Bourne earned his nickname, ‘The Surfer’ on the sea as both a competitor and organiser of sailing and surfing events in the island before he arrived in motor sport in the late 1980s, first with an Austin Maestro, then a Peugeot 205 GTi.

From the early days of the all-stage rally, Bourne was a regular podium finisher, and he claimed his first win in 2003 during a successful partnership with co-driver Louis Venezia.

It was the first win for a world rally car (WRC), and it might have come the previous year, when his Subaru Impreza became the island’s first resident WRC, but for a massive accident on the opening stage.

Bourne was a regular winner of rallies and speed events in the island, and he won his class in the local drivers’ championship eight times between 2002 and 2012.
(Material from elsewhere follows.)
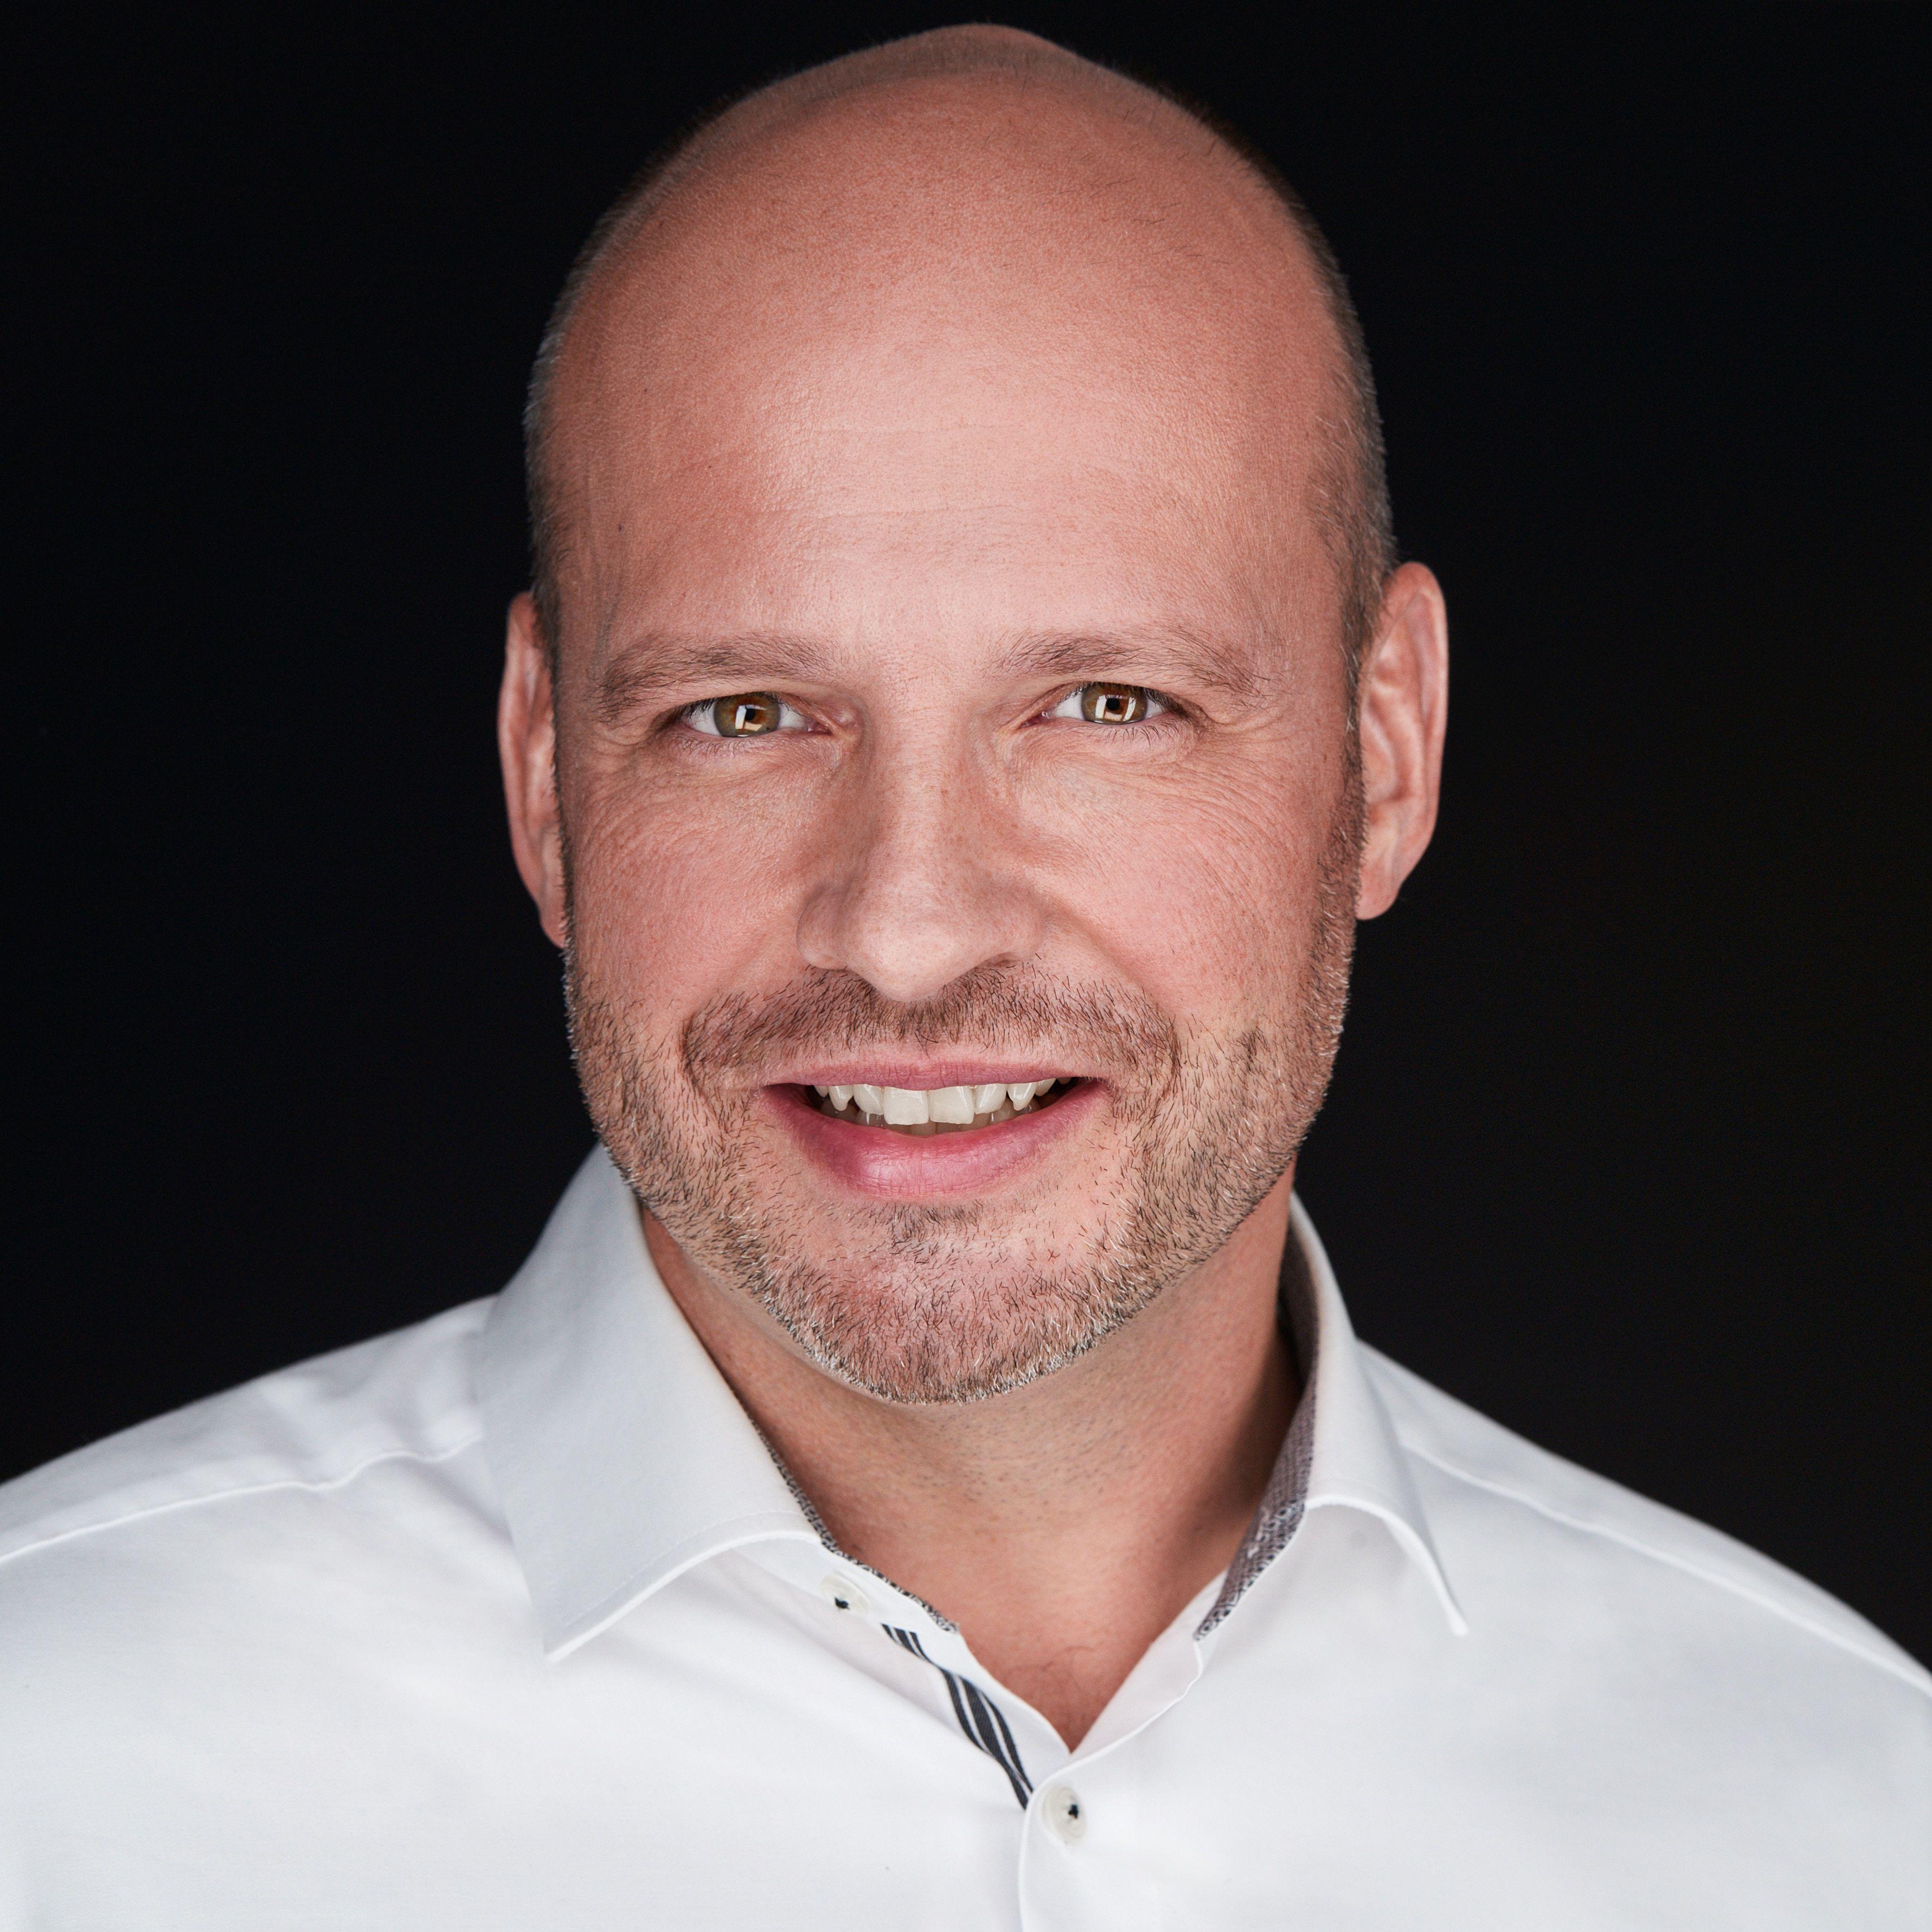 Avatar - Joerg Bruch

He was also active across the island’s other motoring clubs and disciplines, being very competitive in rally sprints in the early days of the Vaucluse Raceway and a circuit racing group champion at the island’s prime motor racing facility at Bushy Park.

Bourne also made a name for himself outside of Barbados, finishing third in Rally Jamaica in 2003 and won Rally Trinidad the following year before he went on to win his second Rally Barbados in 2007.

Behind the scenes, he was ever-present at motor sport events in the island, advising and encouraging emerging drivers, returned to his role of president of the Barbados Surfing Association six years ago, while developing a popular biodynamic farm, nature sanctuary, and tourist attraction in the eastern parish of St Joseph.